→ Work instructions
Please reproduce exactly, and only, the lines from the one with "Hotel Rusher Brinkley" through the last line of the listing below, both ends included, leaving out the pictures.

→ Provided material
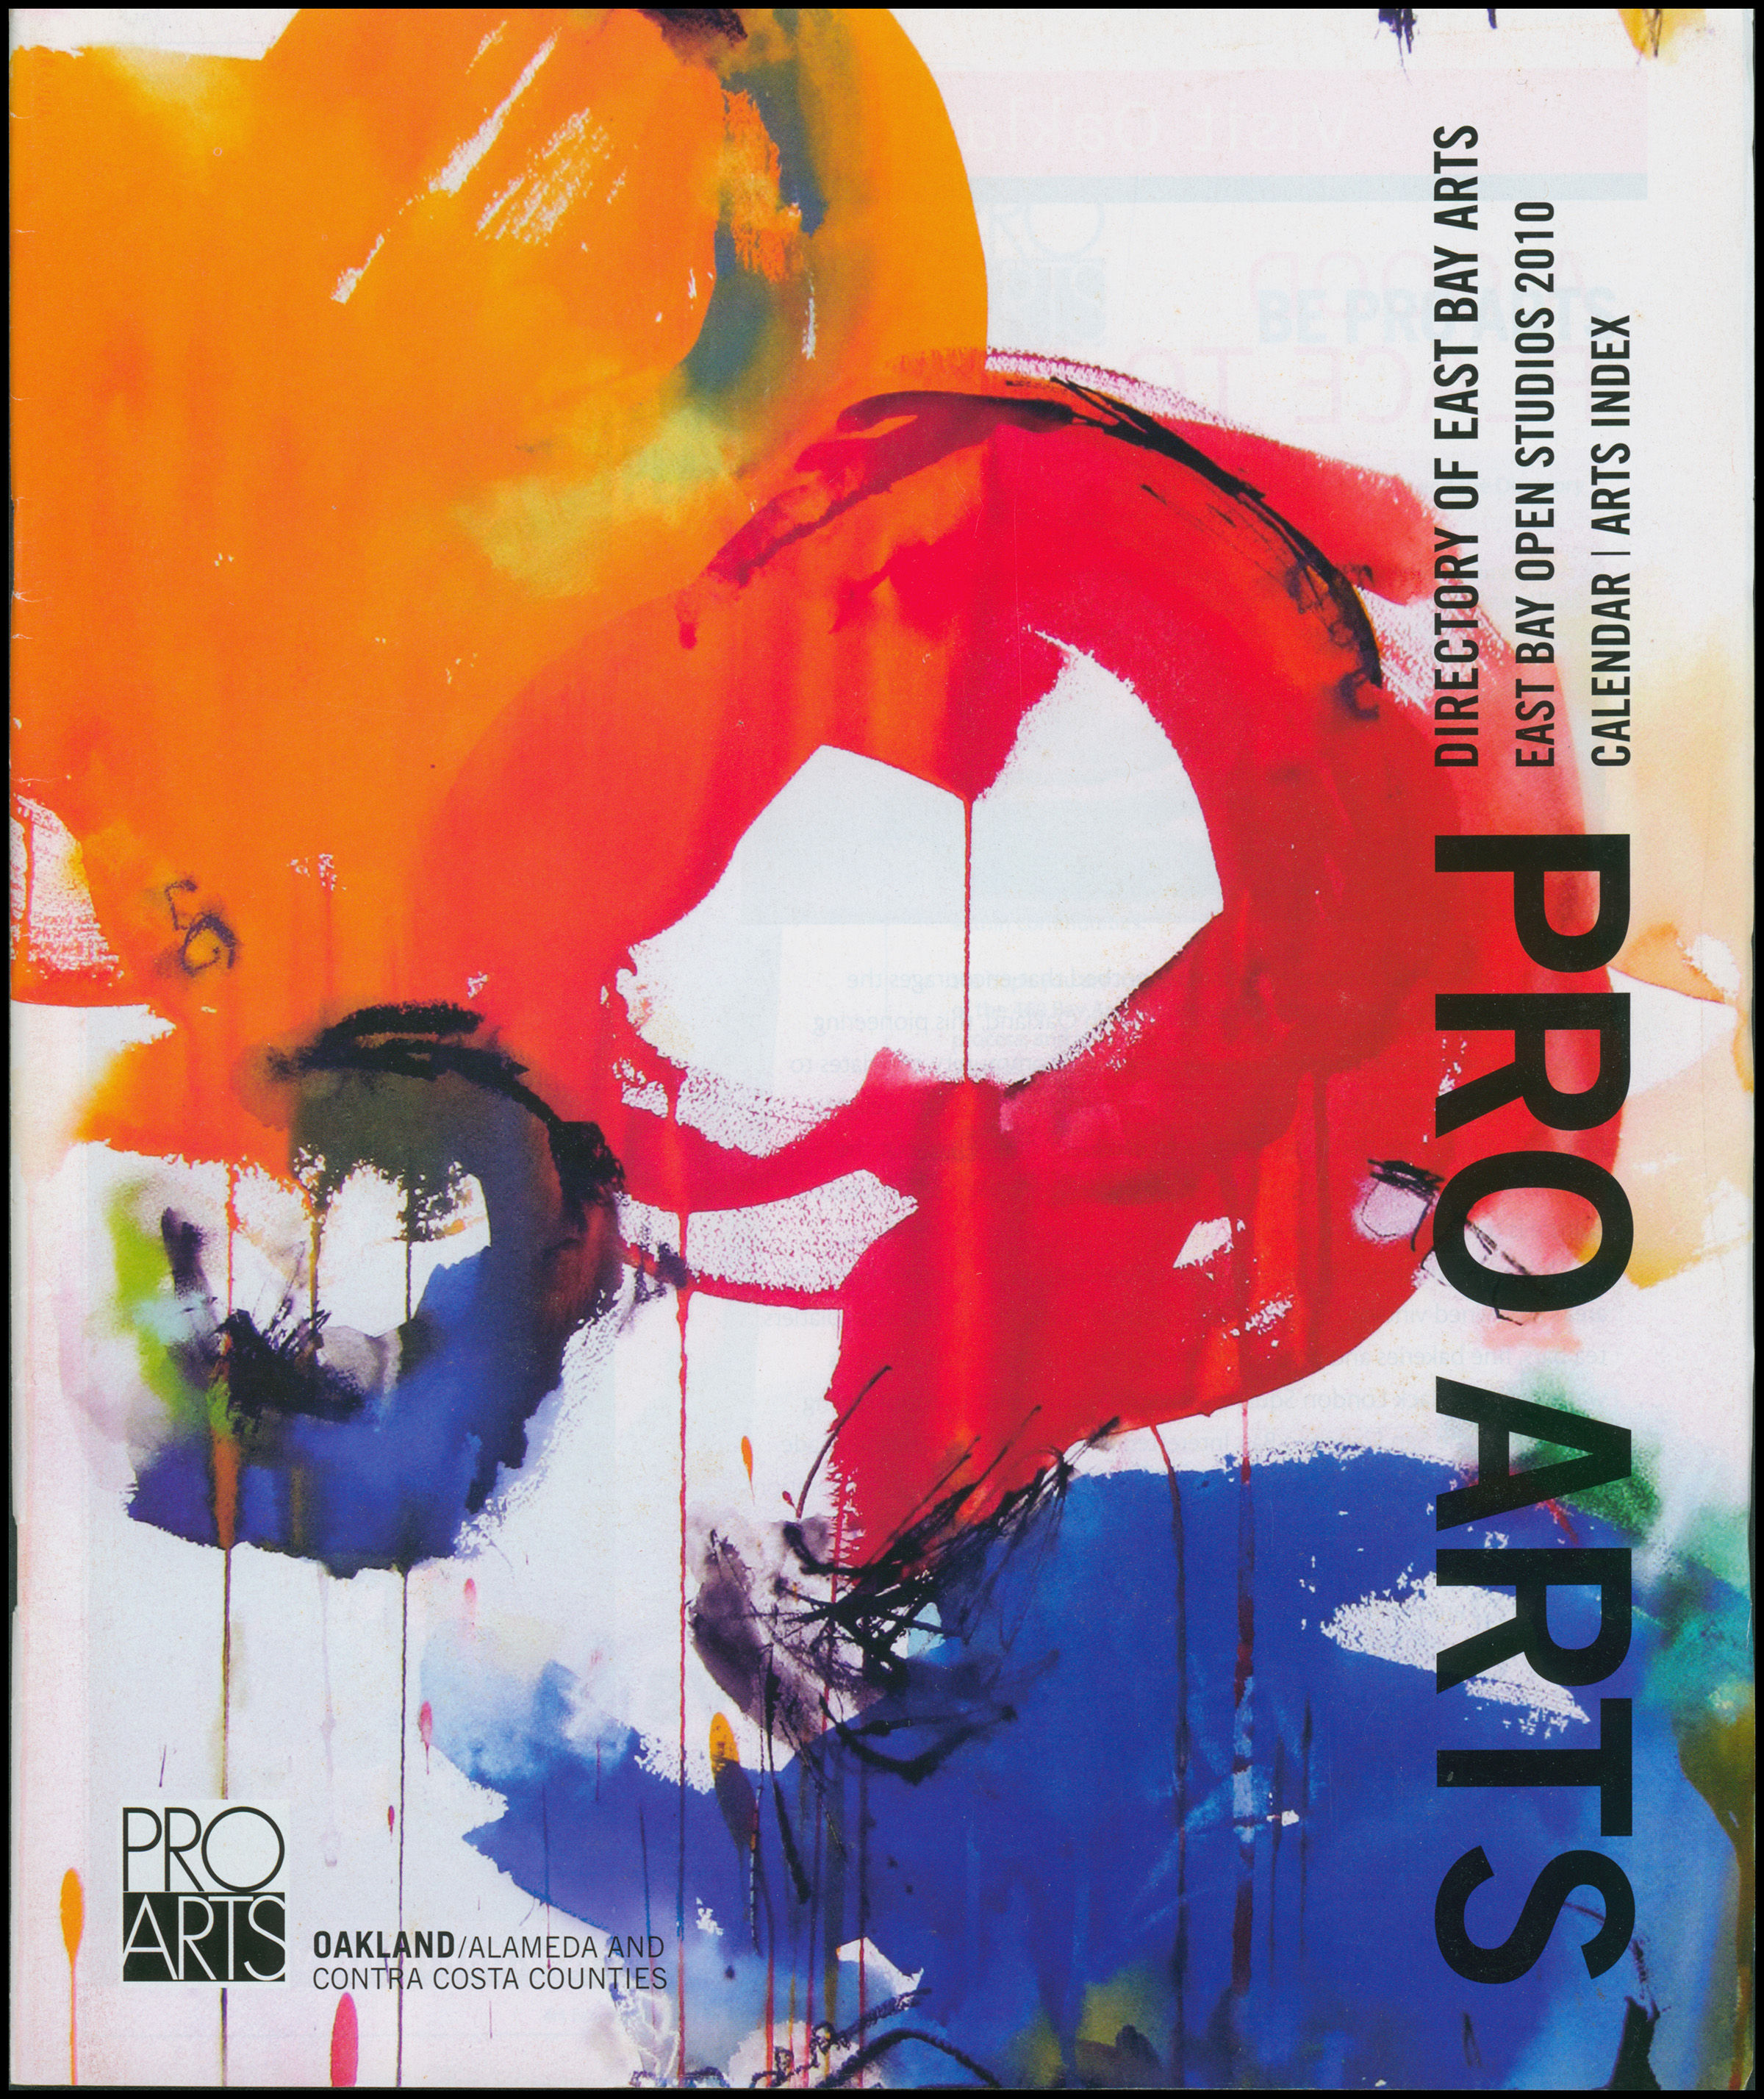 ProArts/East Bay Open Studios - Pro Arts/East Bay Open Studios Ephemera: Maps, Postcards, Invitations (1988-2014)
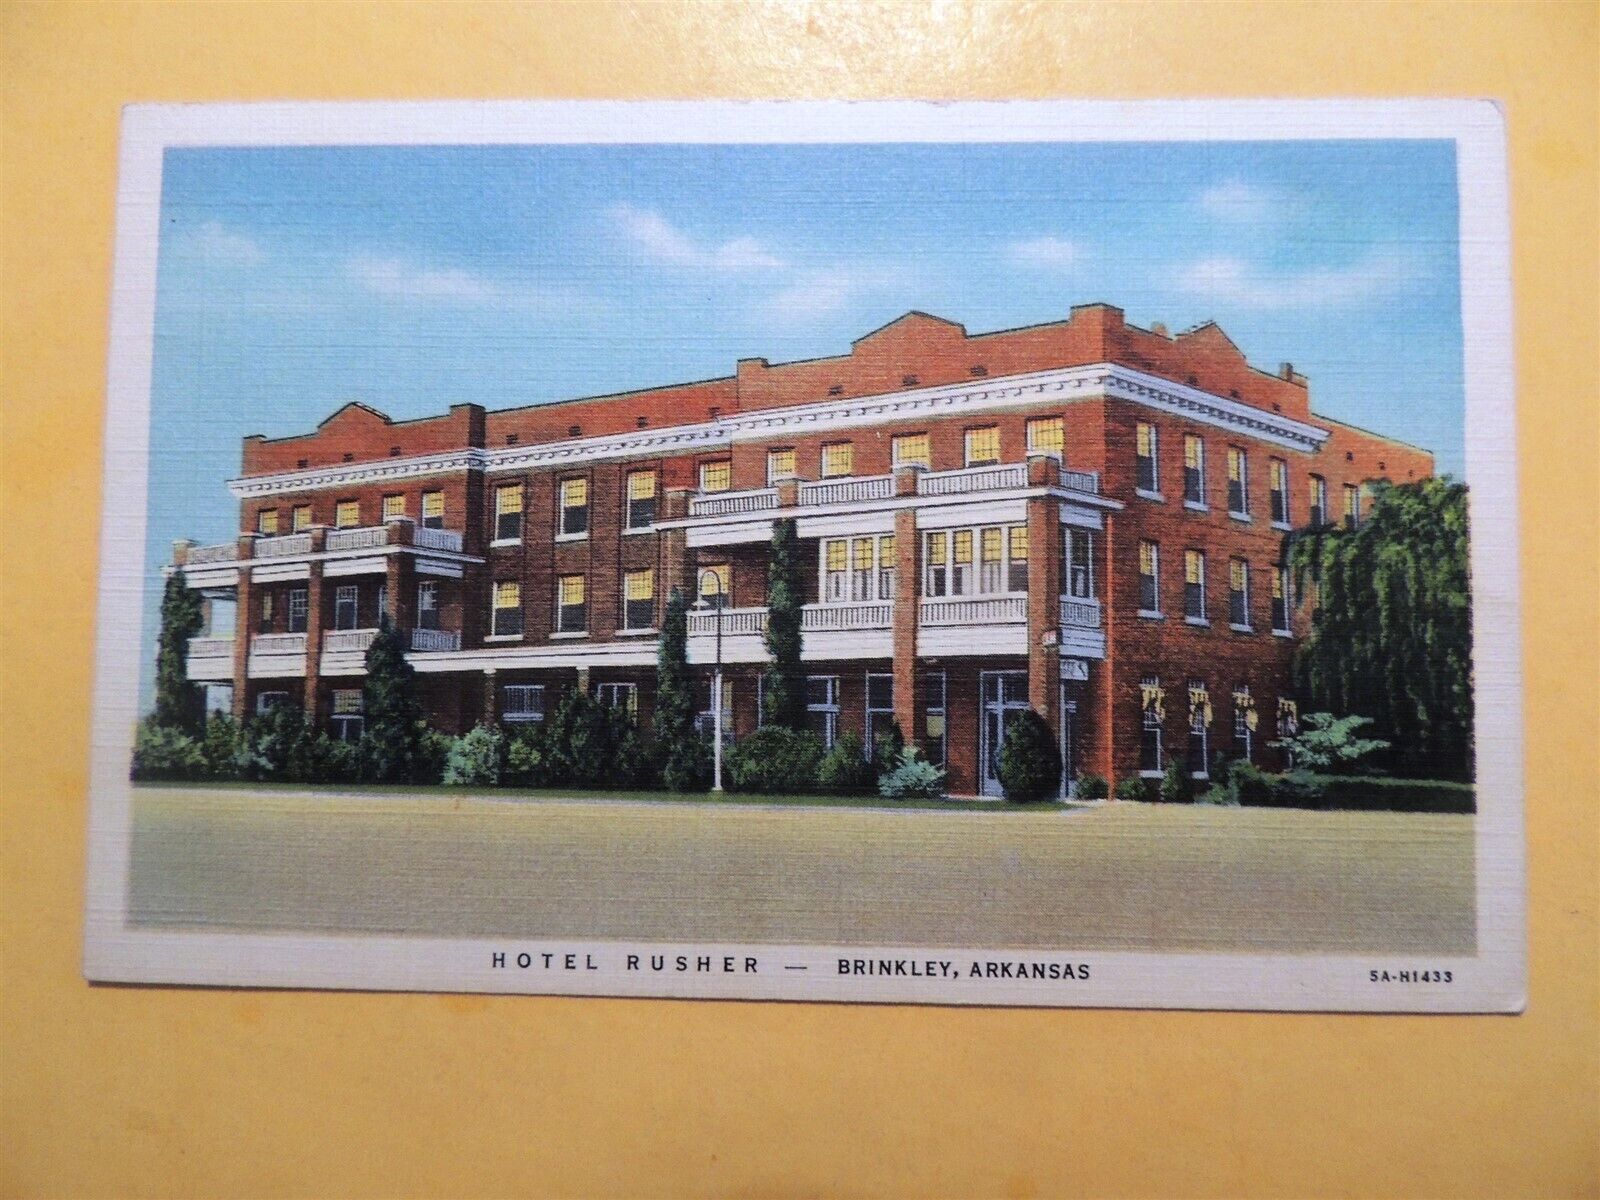 Hotel Rusher Brinkley Arkansas vintage linen postcard 
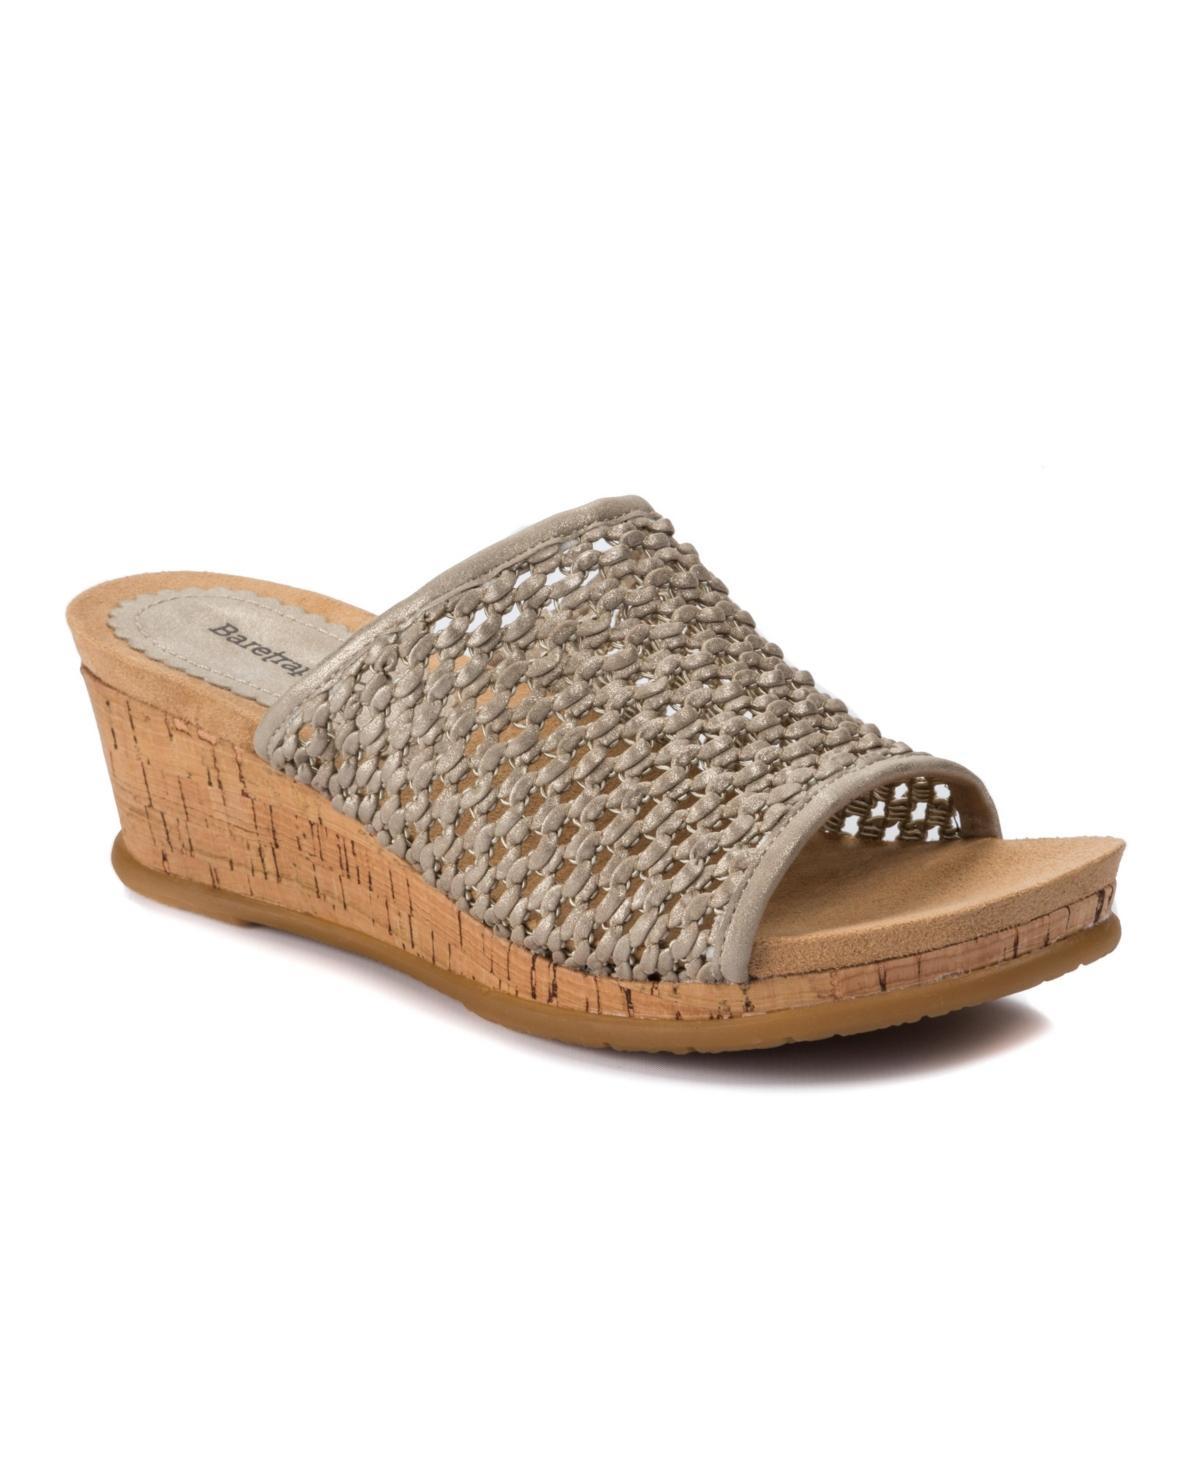 Baretraps Womens Flossey Slide Wedge Sandals Product Image

→ Output of the exercise
 Hotel Rusher Brinkley Arkansas vintage linen postcard 
 Baretraps Womens Flossey Slide Wedge Sandals Product Image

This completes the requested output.